The moment you enter our houseboat you encounter our little fertility shrine on the ledge above the kitchen table. It’s been there for months now and I like it. An African fertility goddess carved of dark wood anchors the shrine, standing eight inches tall with arms outstretched as if to say, “come on baby, you just come right to big mama.” Small breasted with curvy hips (like Jodi), she was a gift from friends who also had a rough go but ultimately had a lovely baby girl. At her feet sits a luminous pyrite egg in a small leaf shaped dish. It too was a gift from another new mother, our neighbor Valencia who procured it from Amma, the world famous hugging guru. The egg’s shiny coolness feels magical and heavy in the palm of my hand and Valencia insisted that when she got it she felt it belonged to us.

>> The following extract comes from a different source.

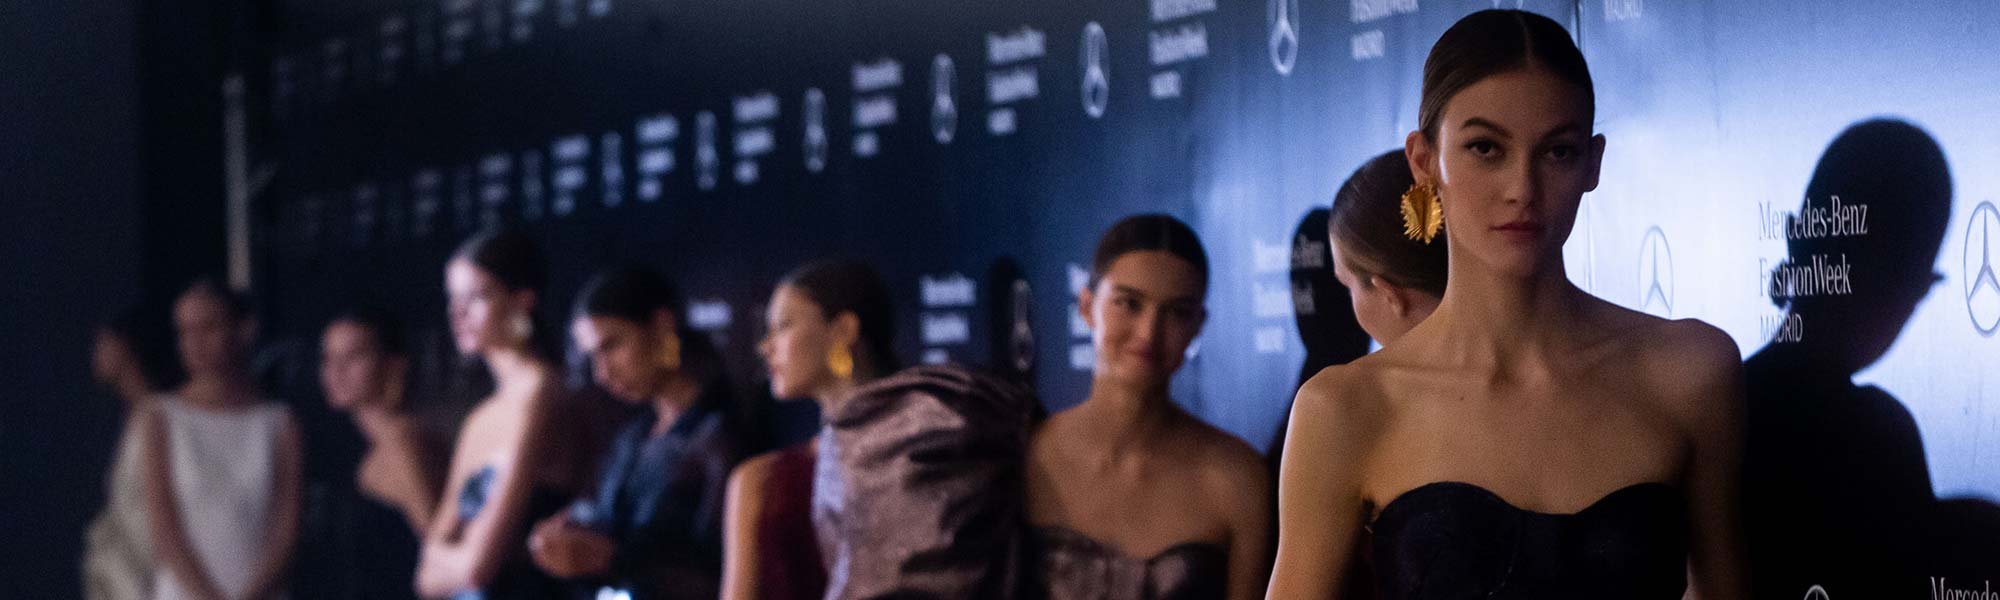 La 73ª edición de Mercedes-Benz Fashion Week Madrid ya está aquí y, cómo no, L’Oréal Paris repite como uno de los principales patrocinadores del evento.  
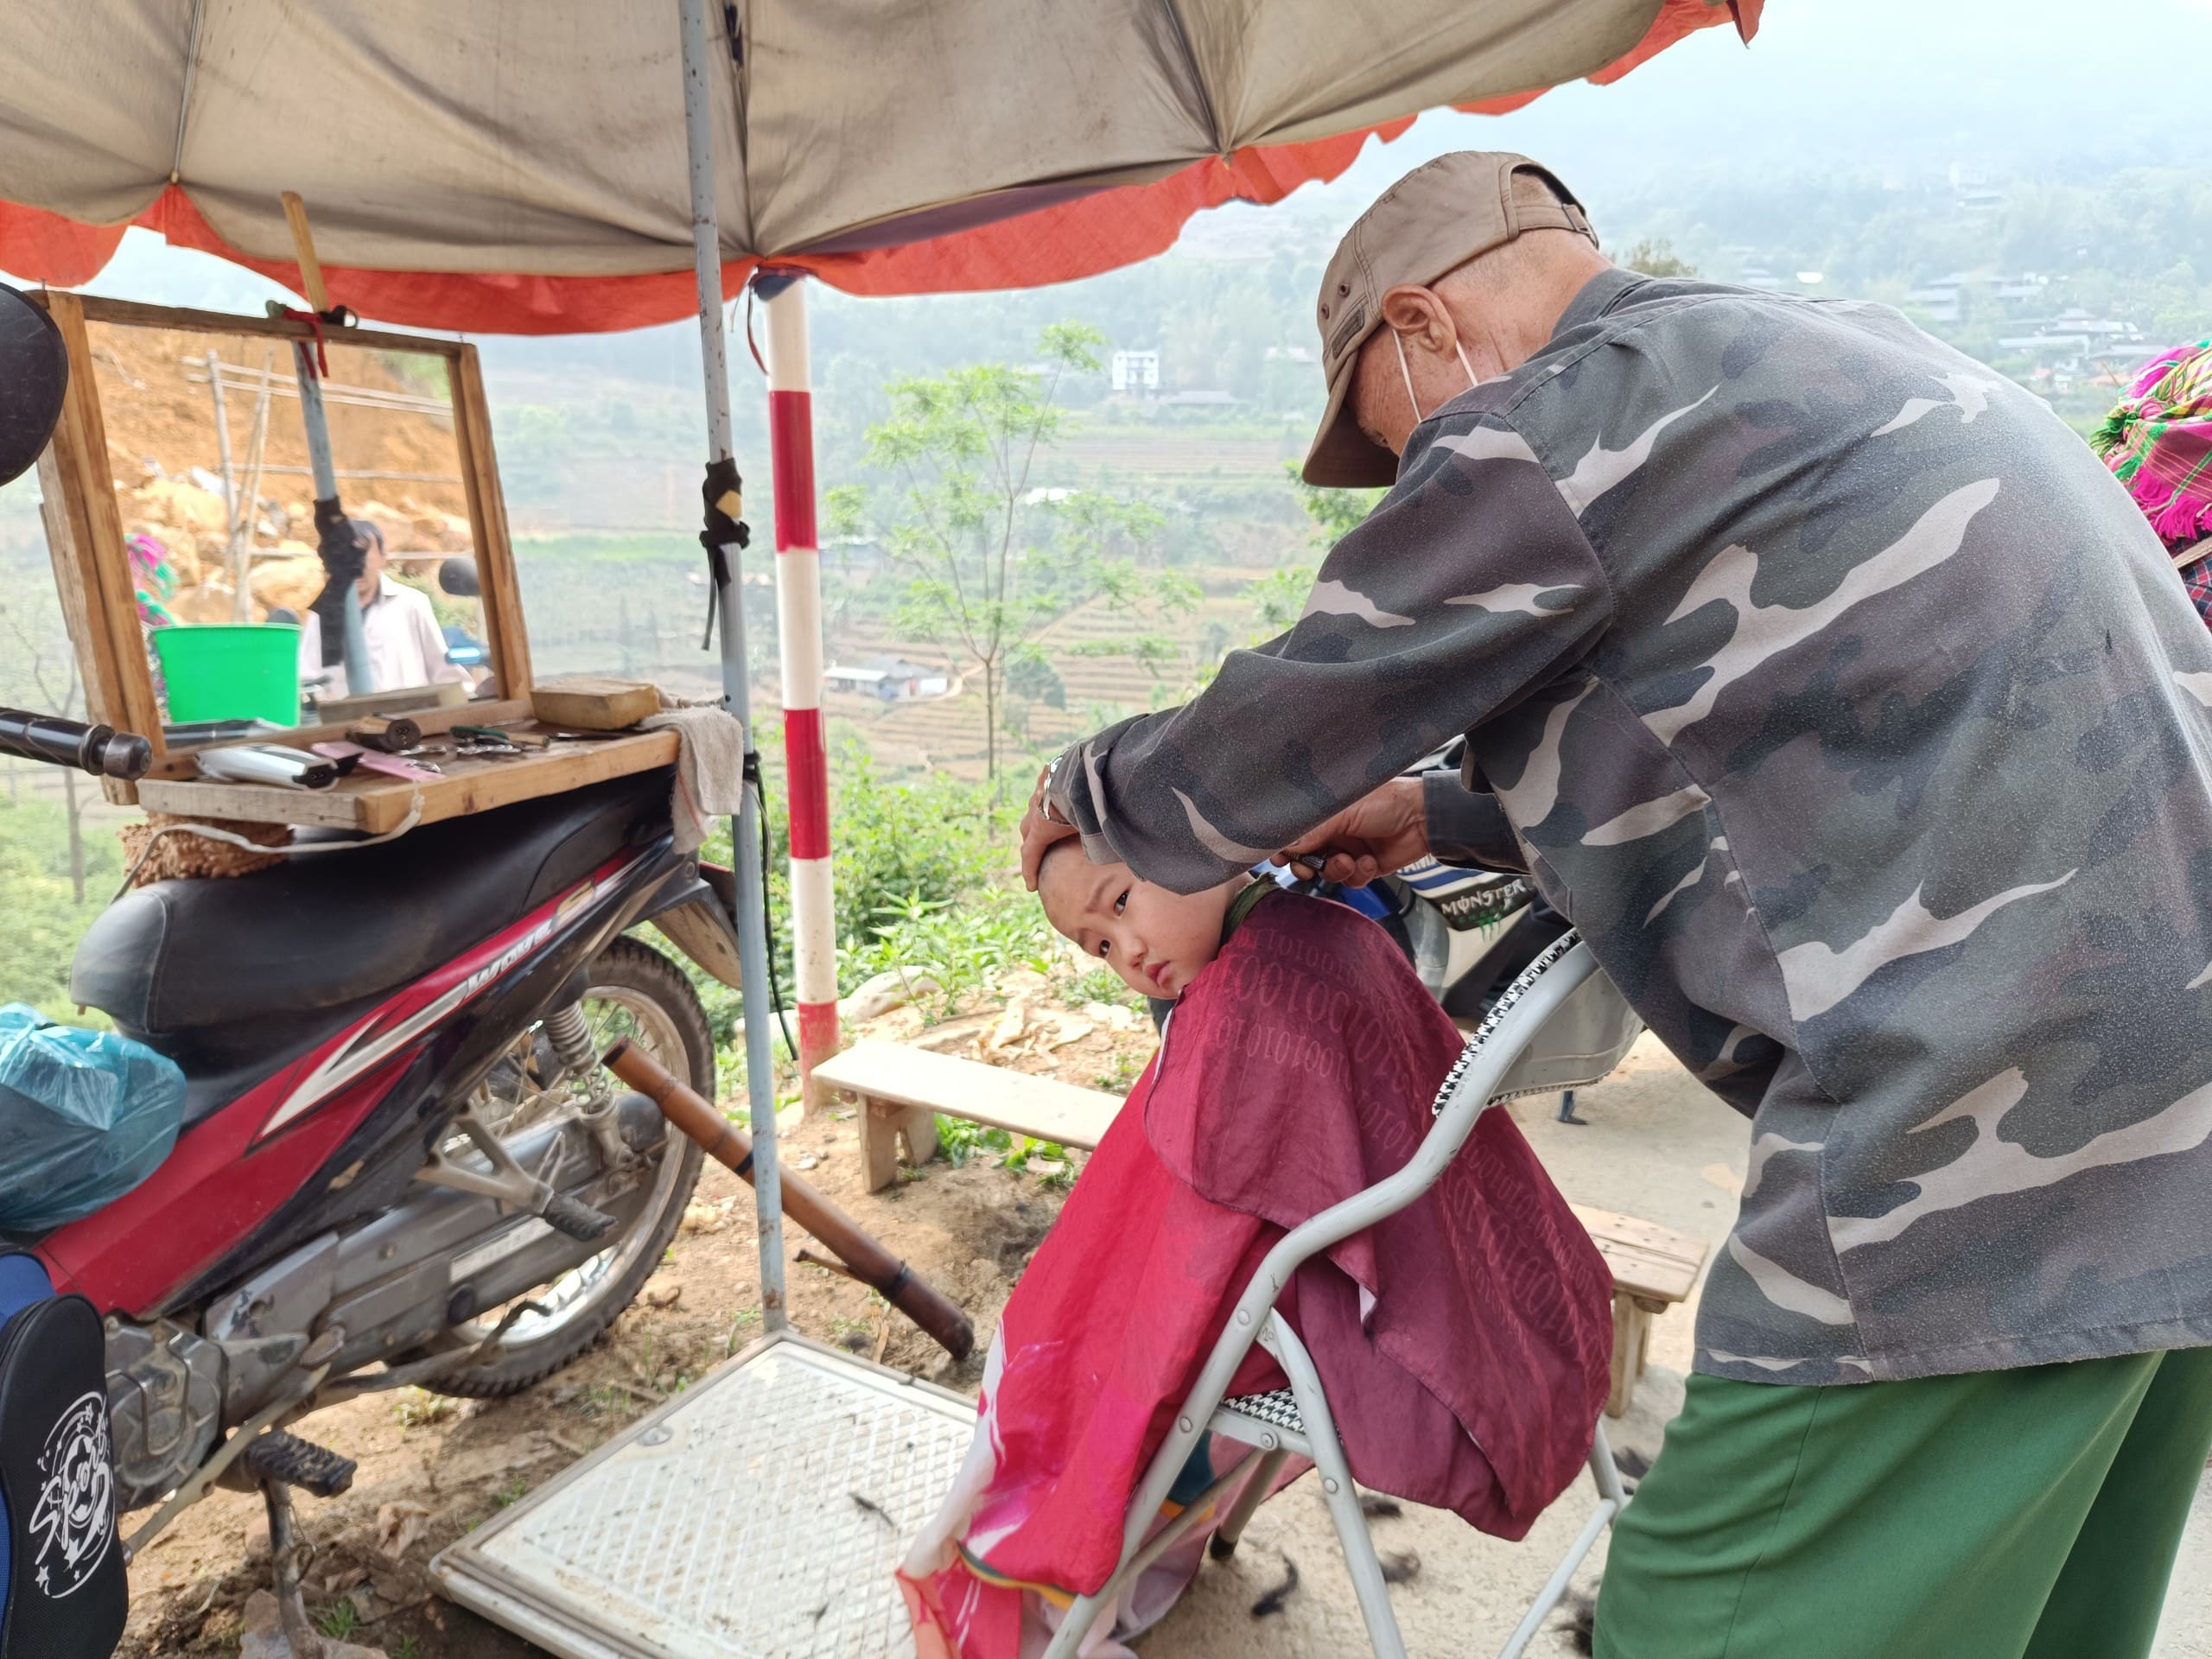 marché de can cau, sapa, vie quotidienne des habitants locaux

Eggs symbolize fertility and the silver heft of it gives it a notable substance. A small painting of a happy pregnant woman with a smiling baby flying in her belly stands beside the egg and below the painting sits my favorite thing of all, a pair of baby sandals decorated with elephants. What is it about baby shoes… I guess shoes make the man, whether he’s 50 years old or 50 days.

 

 

The area in front of our houseboat contains even more symbolic objets d’art.  I’m out there daily watering, pruning and communing with my little fief of potted palms, succulents and citrus trees. In one of these numerous bowls of terra firma at the foot of our gangplank sits a regal succulent under which I’ve placed two little wedding cake figurines. Before these little personal action figures I’ve placed a toy elephant, trunk up, protecting his territory. Each time I enter the house I check to be sure Jodi’s figurine is upright and standing strong. So far so good. Superstition can be fun. 

 

We recently watched the movie “The Secret” and while I’m the first guy to dismiss New Age (rhymes with sewage) nonsense, I do think there is something to focusing on one’s specific intentions to manifest one’s goals. I have used my art to do just that the past few years. I got married at age forty after many years of wandering aimlessly in the singles desert. One day in my late 30s I woke up hung over and lonely and said enough is enough and started painting a series called NOW, nude silhouettes drawn with the word NOW written hundreds of times. The figure from my mind’s eye was the woman I desired: shapely, triumphant, confident.
NOW - The Woman of My Dreams

NOW - The Woman of My Dreams

 

I painted over 30 of these pieces, and not long afterward an amazing thing called Jodi happened. Boom! Not only was she cool and cute, she looked exactly like the figure in the paintings. After our third miscarriage I felt it was time to drop another intention bomb into the universe. So I started painting vibrant balls dropping from the sky - bouncing baby balls of joy that floated through the swirling pathways of our lives, pathways which in the paintings were made of comfort food recipes from antique cookbooks and vintage maps, metaphors for wisdom and guidance. I call the series BOUNCE. Simultaneously, I sculpted a number of found object “angels” to usher in our boy to a soft landing. Made of mostly driftwood I’ve picked up on surf outings the past 1-1/2 years, these rustic pieces form pathways or landing strips, so that when the angels look for a place to land, I’ve provided a clear map. Call it a GPS for the spirit world. One sits on the entrance of the houseboat to the left of the front door.

Angel Looking for a Place to Land

Angel Looking for a Place to Land

 Most of my art is for sale, but this piece is yours alone, baby boy.